Kategori FlavorPeluang Unik Khas Indonesia
Profil KopiMemanfaatkan kopi single-origin premium seperti Mandheling, Gayo, atau Toraja dengan karakter roast yang autentik.
Profil TehKarakter earthy dan kompleks dari teh single-origin asal Jawa dan Sumatra yang mulai diburu pasar premium internasional.
Herbal & BotanikalRacikan canggih menggunakan bahan lokal seperti pandan, serai, dan cengkeh yang memberikan kedalaman rasa unik.

Profil yang berorientasi pada konsumen dewasa (adult-centric) ini jauh lebih aman dari target regulasi batasan usia vape. Terlebih lagi, rasa ini memiliki daya tarik tinggi bagi selera konsumen matang di pasar Barat yang sangat menghargai kompleksitas produk artisanal.

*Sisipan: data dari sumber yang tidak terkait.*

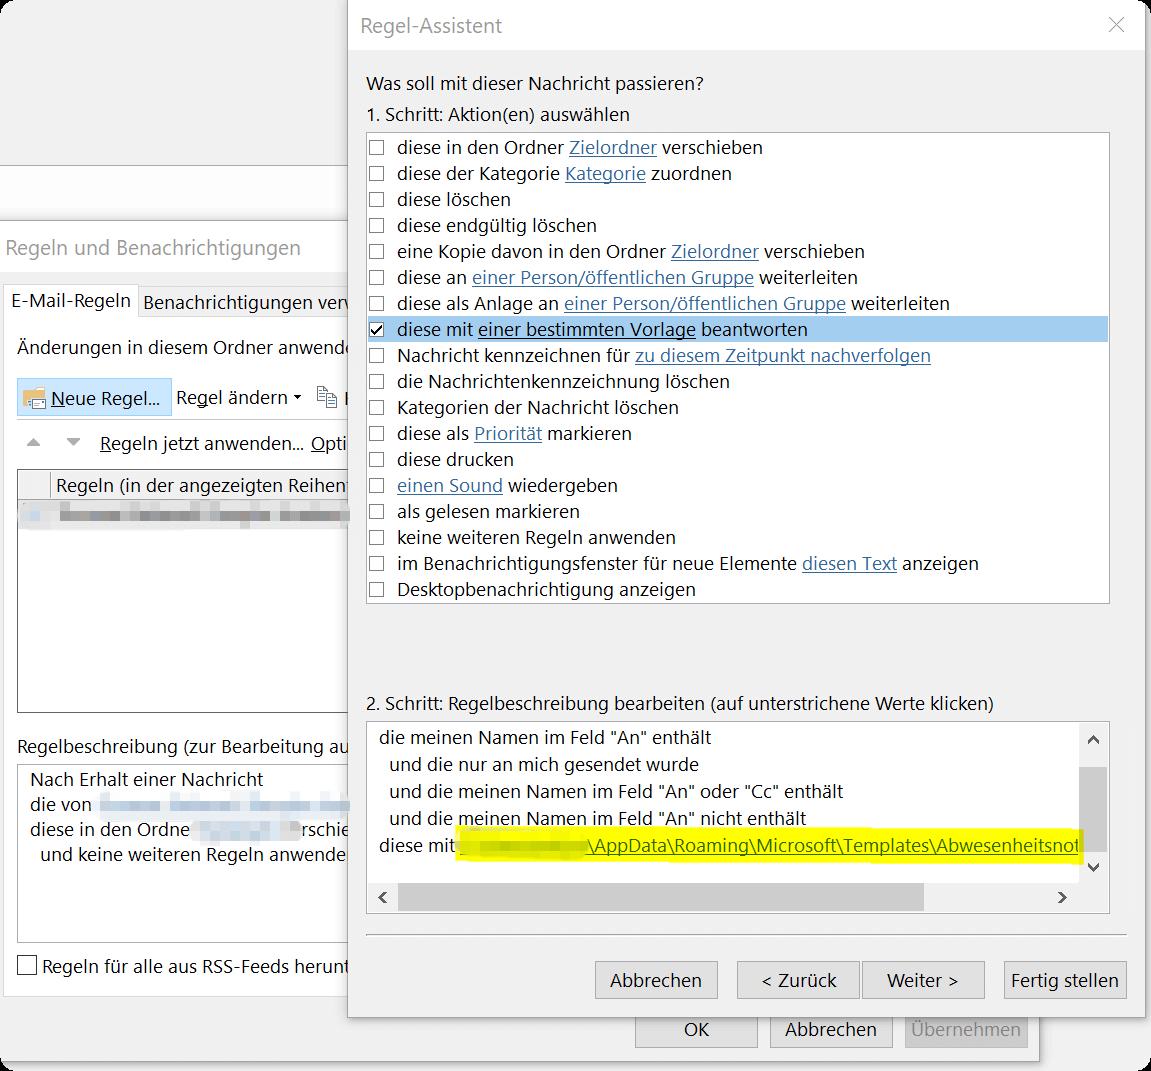 Outlook Regel Assistent - Regelbeschreibung

Kesimpulan: Liquid yang Bertahan di Era Kemasan Polos

Ketika regulasi kemasan polos menyeragamkan seluruh bungkus dan menghapus label cerah serta visual kartun buah, profil flavor dan nama produk akan menanggung seluruh beban identitas merek Anda. Produk dengan rasa liquid yang khas dan matang akan kehilangan jauh lebih sedikit momentum dibanding merek yang selama ini hanya mengandalkan desain grafis kemasan yang mencolok.

Pengembangan flavor membutuhkan waktu berbulan-bulan untuk riset, pengujian, dan pemenuhan dokumen kepatuhan bahan baku. Produsen yang cerdas adalah mereka yang menginvestasikan pendapatan dari lini candy saat ini untuk mulai membangun profil rasa yang tangguh terhadap regulasi.

Meluncurkan lini botanikal atau kopi yang canggih pada tahun 2026 akan menjadi langkah visioner yang brilian ketika pembatasan flavor kelak diperketat. Menunggu hingga regulasi tersebut diketuk palu hanya akan menjebak bisnis Anda dalam manajemen krisis.